Beginning with the line containing "yellow brick wall as background 7" and ending at the last line of the data, set down every line exactly, leaving out all pictures.

> _Provided data_

- - - -

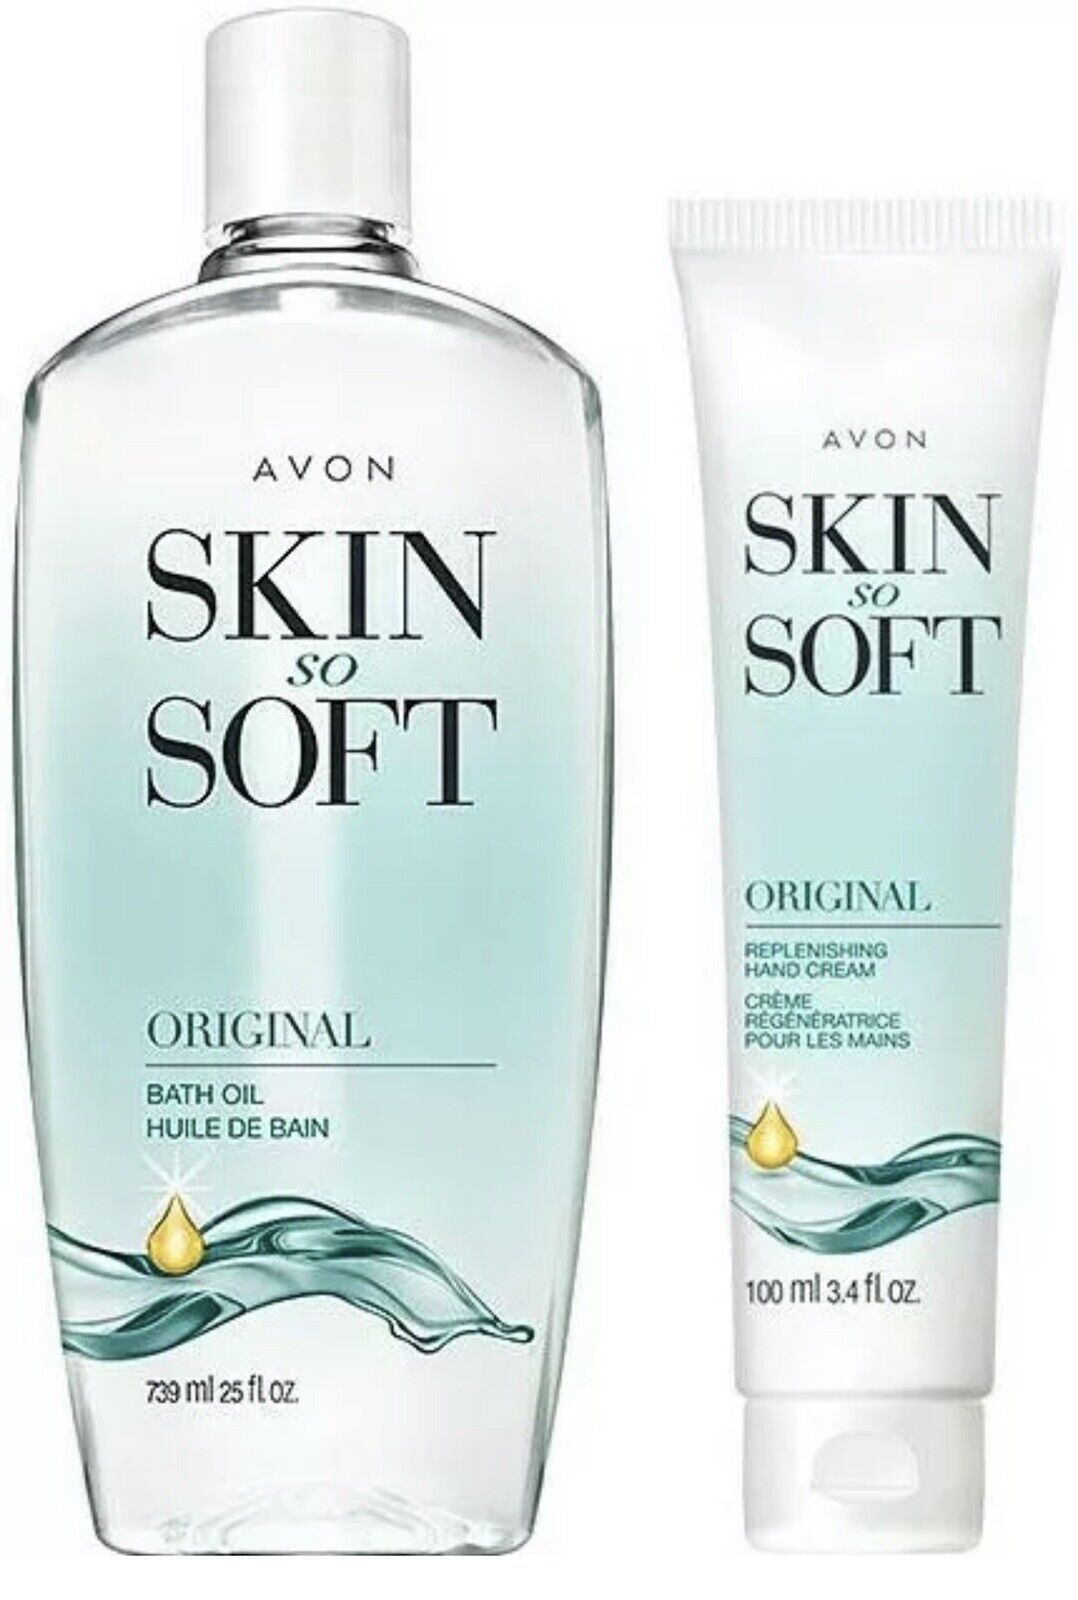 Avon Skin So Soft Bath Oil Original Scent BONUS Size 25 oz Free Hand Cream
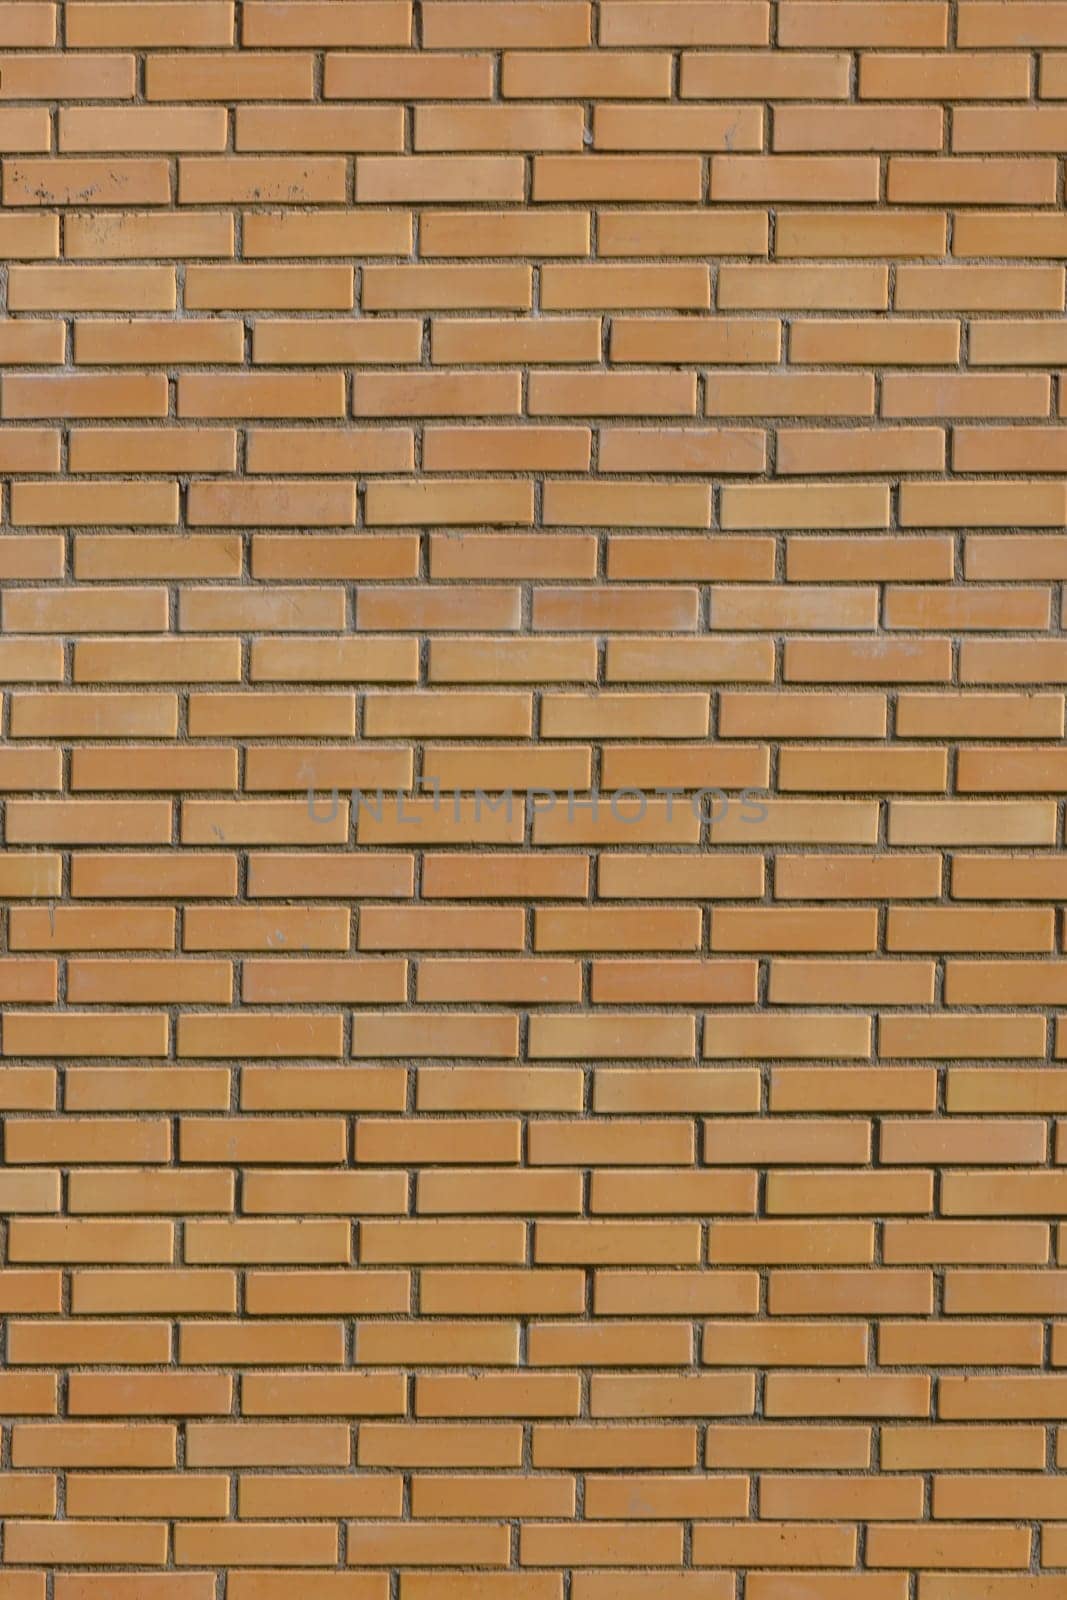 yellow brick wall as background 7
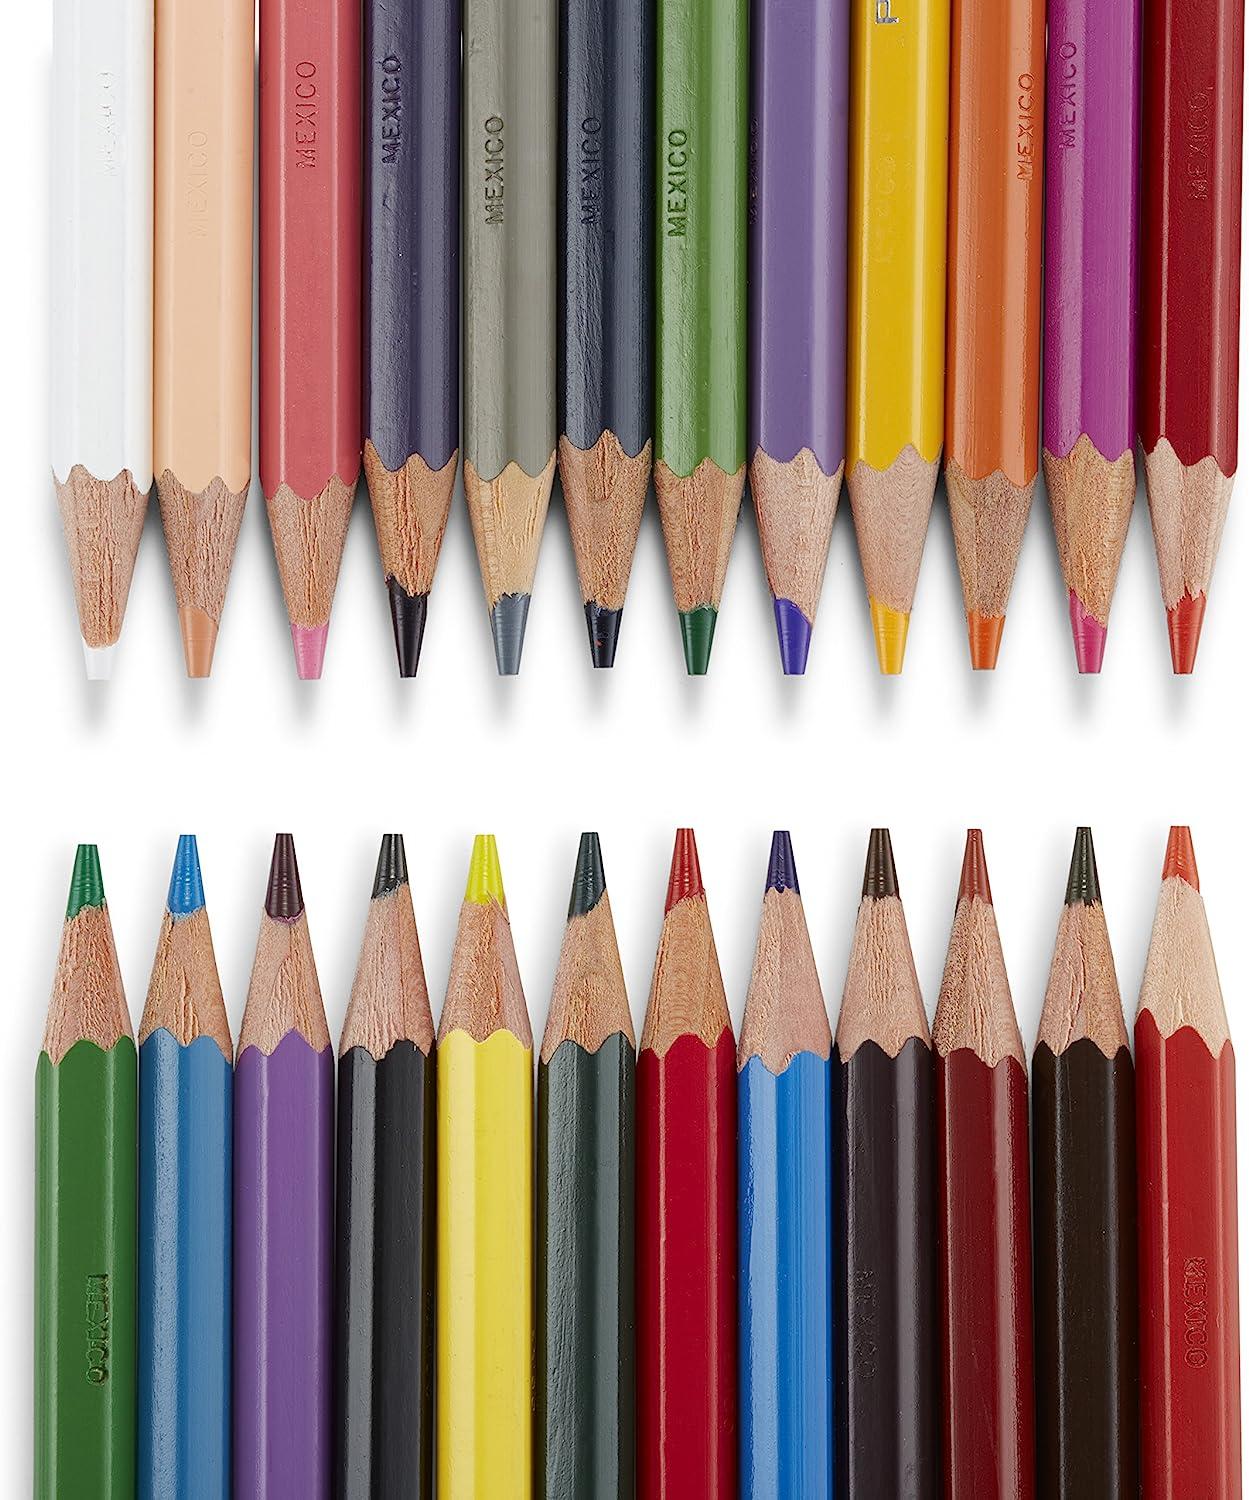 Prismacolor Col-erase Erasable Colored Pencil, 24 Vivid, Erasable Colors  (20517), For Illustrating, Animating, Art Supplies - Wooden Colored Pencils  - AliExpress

- - - -

> _Output for this exercise_
 yellow brick wall as background 7
 Prismacolor Col-erase Erasable Colored Pencil, 24 Vivid, Erasable Colors  (20517), For Illustrating, Animating, Art Supplies - Wooden Colored Pencils  - AliExpress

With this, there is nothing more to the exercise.